Aiming to better monitor and control food safety standards, Pritipaul Singh Investments Inc (PSI) has had eight of its employees certified by the Guyana National Bureau of Standards in the area of Hazard Analysis and Critical Control Points (HACCP).
HACCP plans provide detailed instructions to companies on how they can properly preserve food. Failure to correctly follow these guidelines increases the chances of a major foodborne illness outbreak.
The certification paves the way for the seafood processing company to establish an HACCP, committee which is integral in order for the company to maintain the highest standards and quality in seafood processing.
The committee will be able to craft a detailed plan, identifying steps that could present hazards and how they should be controlled and monitored.
“We are edifying our staff and looking to form a multi-disciplinary HACCP team with not only persons from quality control department but different departments. When combined we will be able to deliberate and make the best decision,” Sorojinie Rai, Head of Shipping and Logistics, explained.
Rai stated further that the training now enables them to identify food safety hazards in the company. She added that with staff equipped with the skills, this will enable them to systematically manage food safety in the company’s operations.
The Shipping and Logistics head explained that with more persons HACCP certified, employees are now in a position to review procedures and ensure their implementation, while giving customers the guarantee that their end products are safe for consumption.
Finance Controller Jasodra Boodhoo pointed out that with a team of HACCP certified employees, they are at all times able to identify hazardous issues and work to eliminate them from the processing line.
She explained that seafood when caught in the wild or a controlled environment has many health hazards and implications that can render it unfit for consumption.
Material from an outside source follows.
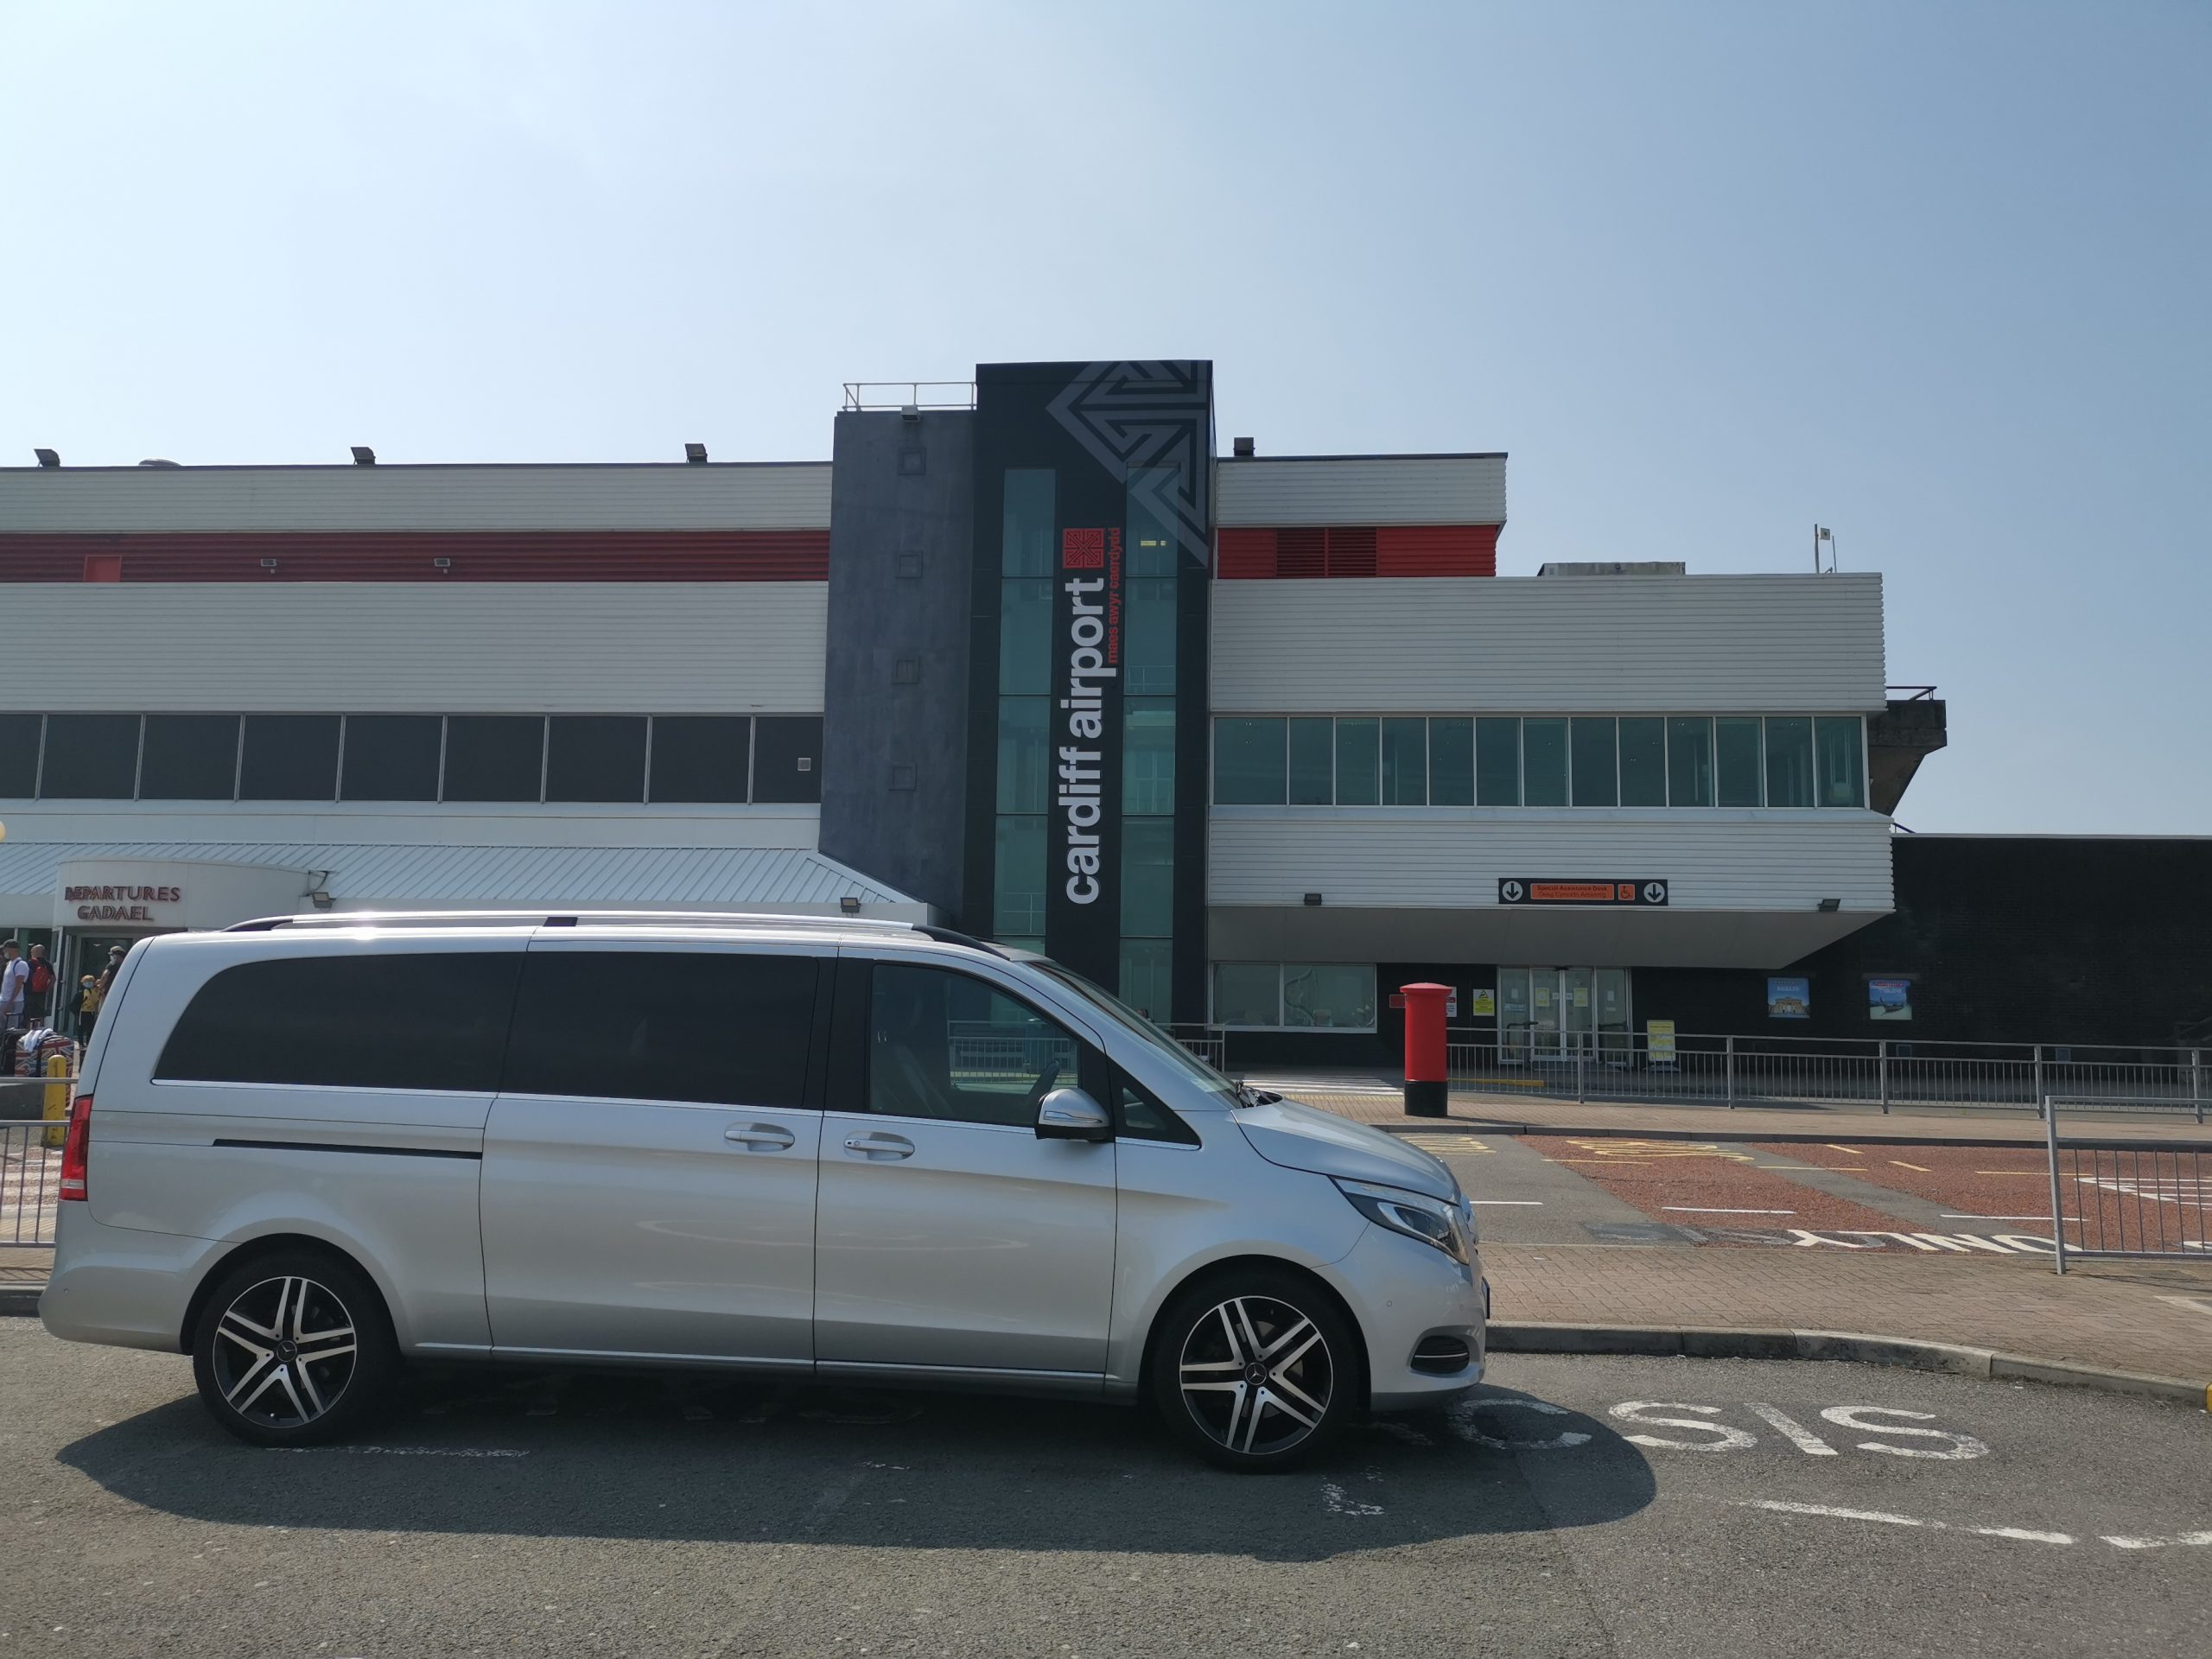 Cardiff Airport Chauffeur Service

However, with a team of certified personnel on HACCP regulations, the company is better equipped to identify and overlook the processing system.
“We can identify hazards not only at the beginning of the processing line but during the process. This makes our products the safest because it minimizes the risk to consumers. Also it helps us to assure our customers that they are getting quality products because we are compliant with HACCP regulations,” Boodhoo said.
She added that PSI, which is an export oriented company, has been at all times operating on par with international standards to ensure their fish processing is done to the highest standards.
During the training, employees were exposed to lessons in Hazard Analysis and preliminary steps, different types of hazards, preparation of a HACCP plan, Principles of HACCP and History of HACCP.
Deputy Managing Director and Company Secretary, Vishnu Panday, explained that while the PSI has always been HACCP compliant, the company has been regularly training staff to ensure they remain knowledgeable of changes in the industry.
PSI is Guyana’s largest processor and export of seafood products. The company exports involves mainly the production of shrimp and fish products; particularly, seabob, prawns, tuna and other variety of fishes. The company has distributes its products worldwide with its main markets in North America, Europe, Asia, and the Caribbean.